4. Concluding Remarks

In conclusion, our study sheds light on the complex spatial and temporal dynamics of COVID-19 in Peru and underscores the critical role of vaccination in mitigating mortality rates. The findings highlight the effectiveness of vaccination campaigns in reducing the impact of the pandemic and emphasize the importance of continued efforts to enhance vaccine coverage. Furthermore, our analysis underscores the value of spatio-temporal data analysis in guiding targeted public health interventions and the importance of effective case management and prevention strategies. Moving forward, policymakers and healthcare authorities should prioritize vaccination efforts and implement evidence-based interventions to control the spread of COVID-19 and minimize its impact on communities. By leveraging advanced statistical models and comprehensive data analysis, we can better understand disease dynamics and inform strategies to combat future outbreaks effectively. Overall, this study contributes valuable insights to the global effort to address the COVID-19 pandemic and provides a foundation for further research in this critical area of public health.

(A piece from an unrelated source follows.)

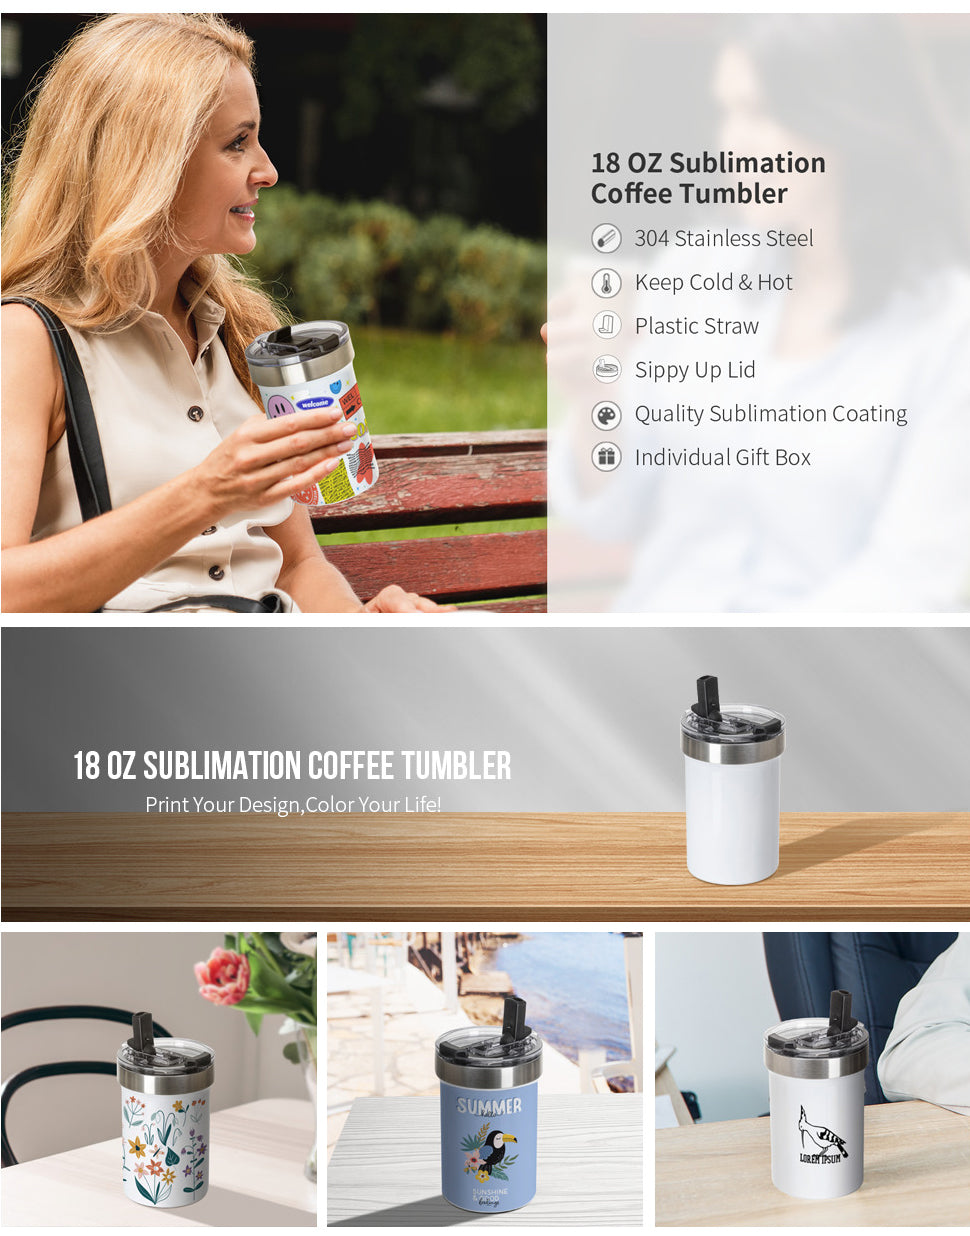 PYD Life Sublimation Tumblers Blanks with Handle 20 oz White Coffee Mugs Insulated Reusable Travel Cups with Leakproof Lid and Stainless Straw for

For future research, it is essential to continue monitoring the spatial and temporal dynamics of COVID-19, particularly in the context of emerging variants and changing vaccination strategies. Longitudinal studies are needed to assess the long-term effectiveness of vaccination campaigns and the persistence of immunity over time. Furthermore, research on the socio-economic and demographic determinants of COVID-19 mortality could provide valuable insights into disparities in disease burden and inform targeted interventions to address health inequities. Additionally, incorporating real-time data and advanced modeling techniques could enhance our ability to effectively predict and respond to future outbreaks. Moreover, exploring the application of spatio-temporal modeling techniques to other fields of study, such as infectious disease epidemiology [28], environmental health [29,30,31], natural disaster management [32], and climate change [33,34,35], could provide further insights into complex systems’ dynamics and inform evidence-based decision making across various domains. Overall, continued research in this area is crucial for informing evidence-based strategies to control the spread of COVID-19 and other infectious diseases and minimize their impact on public health.